Care pathways during a child’s final illness in rural South Africa: Findings from a social autopsy study
Care pathways during a child’s final illness in rural South Africa: Findings from a social autopsy study
Background: Half of under-5 deaths in South Africa occur at home, however the reasons remain poorly described and data on the care pathways during fatal childhood illness is limited. This study aimed to better describe care-seeking behavior in fatal childhood illness and to assess barriers to healthcare and modifiable factors that contribute to under-5 deaths in rural South Africa.
Methods: We conducted a social autopsy study on all under-5 deaths in two rural South African health and demographic surveillance system sites. Descriptive analyses based on the Pathways to Survival Framework were used to characterise how caregivers move through the stages of seeking and providing care for children during their final illness and to identify modifiable factors that contributed to death.
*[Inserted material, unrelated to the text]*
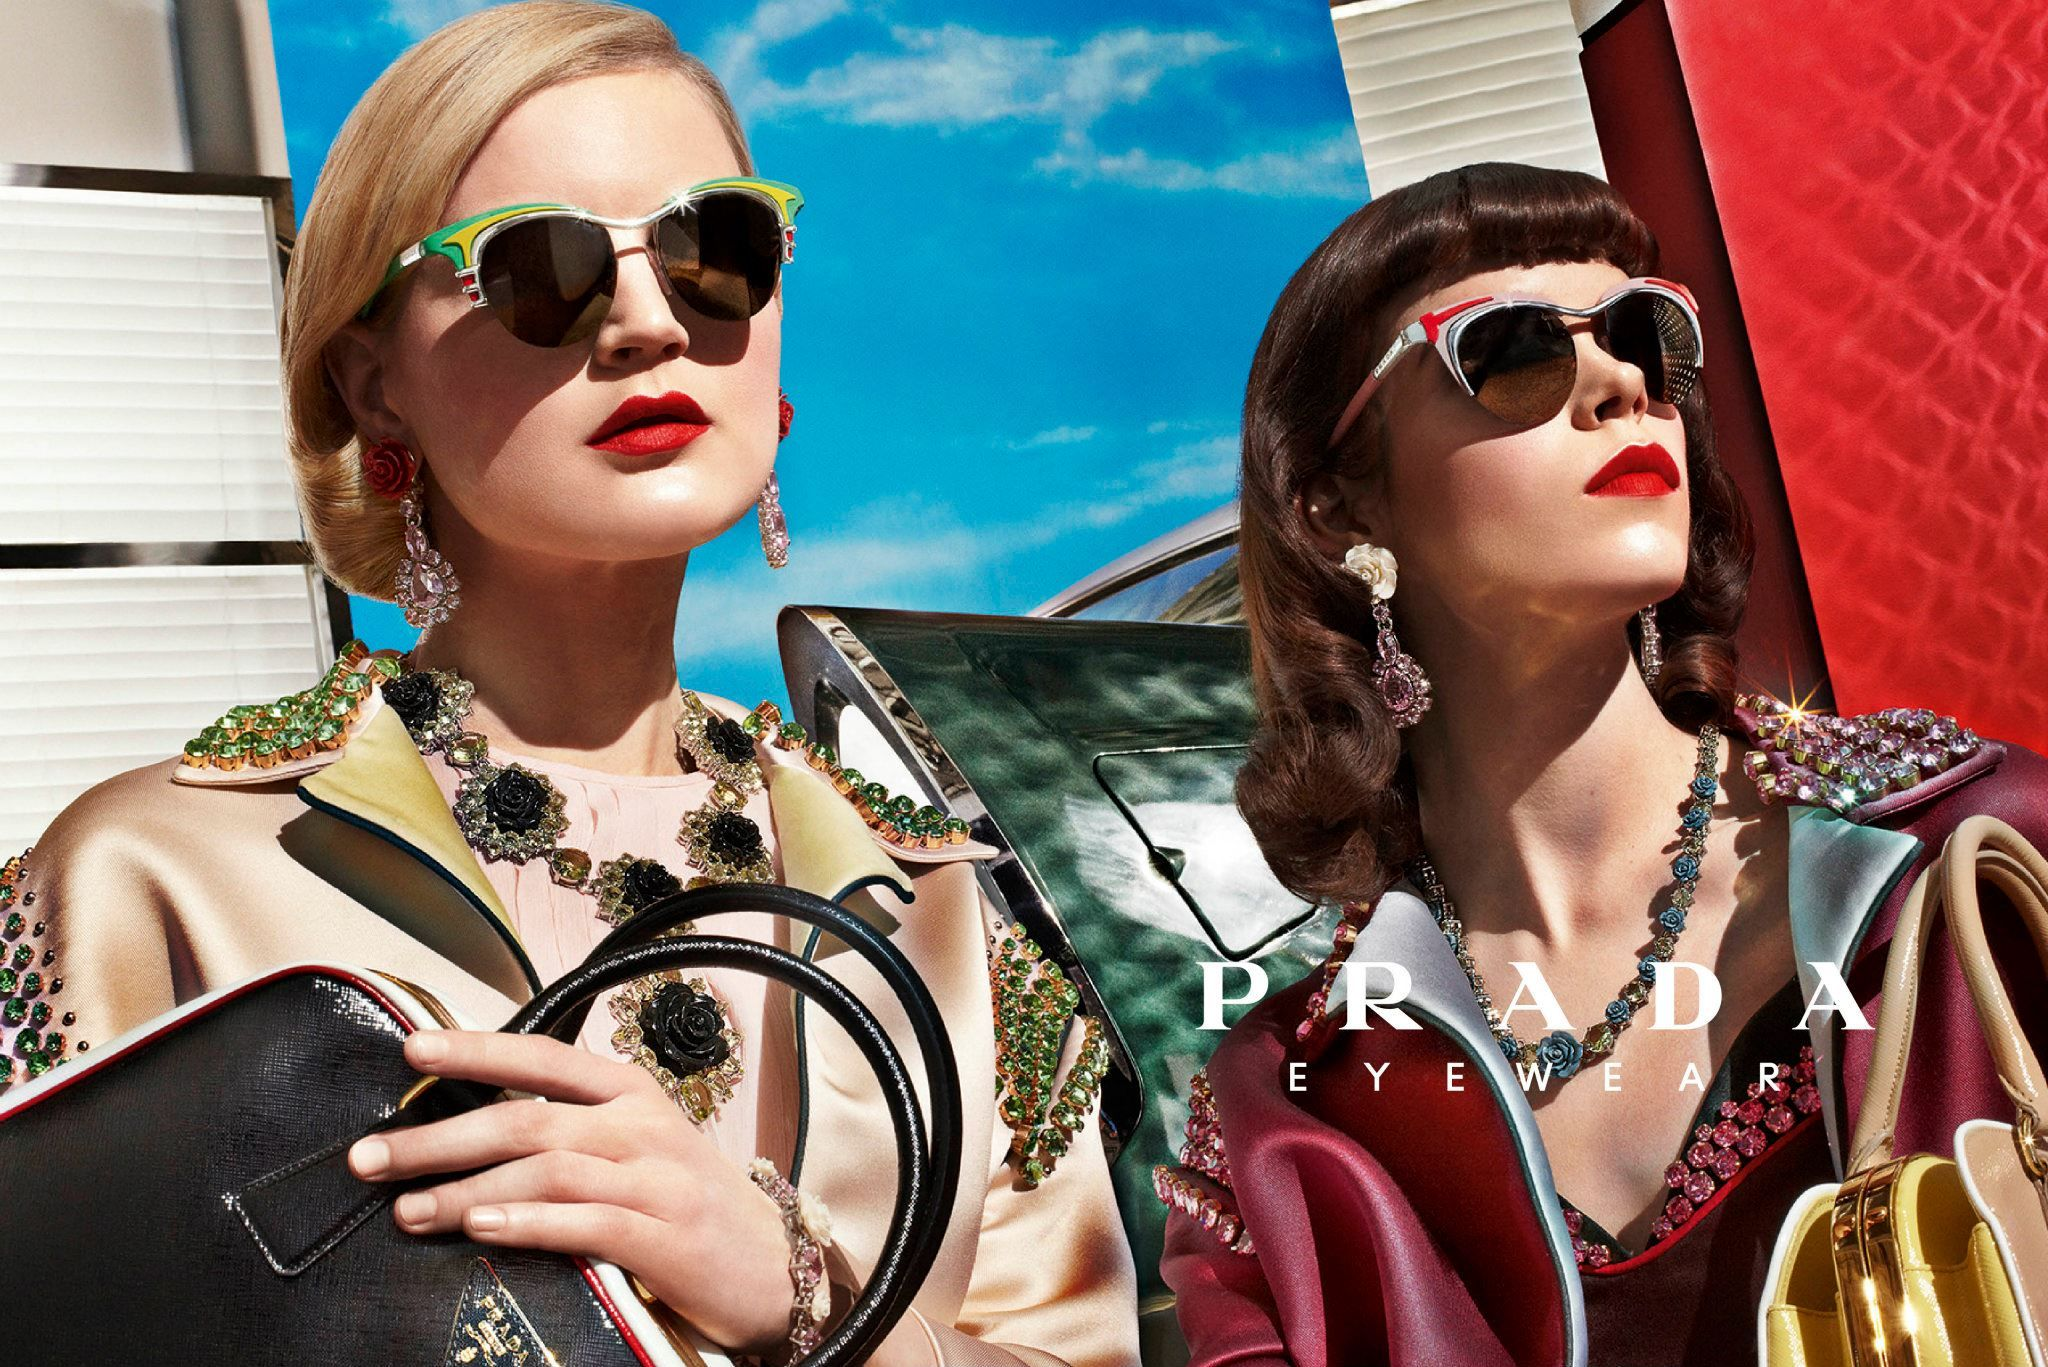 a4cda6282766 Prada Spring Summer 2012 Ad Campaign

Findings: Of 53 deaths, 40% occurred outside health facilities. Rates of antenatal and perinatal preventative care-seeking were high: over 70% of mothers had tested for HIV, 93% received professional assistance during delivery and 79% of children were reportedly immunised appropriately for age. Of the 48 deaths tracked through the stages of the Pathways to Survival Framework, 10% died suddenly without any care, 23% received home care of whom 80% had signs of severe or possibly severe illness, and 85% sought or attempted to seek formal care outside the home. Although half of all children left the first facility alive, only 27% were referred for further care.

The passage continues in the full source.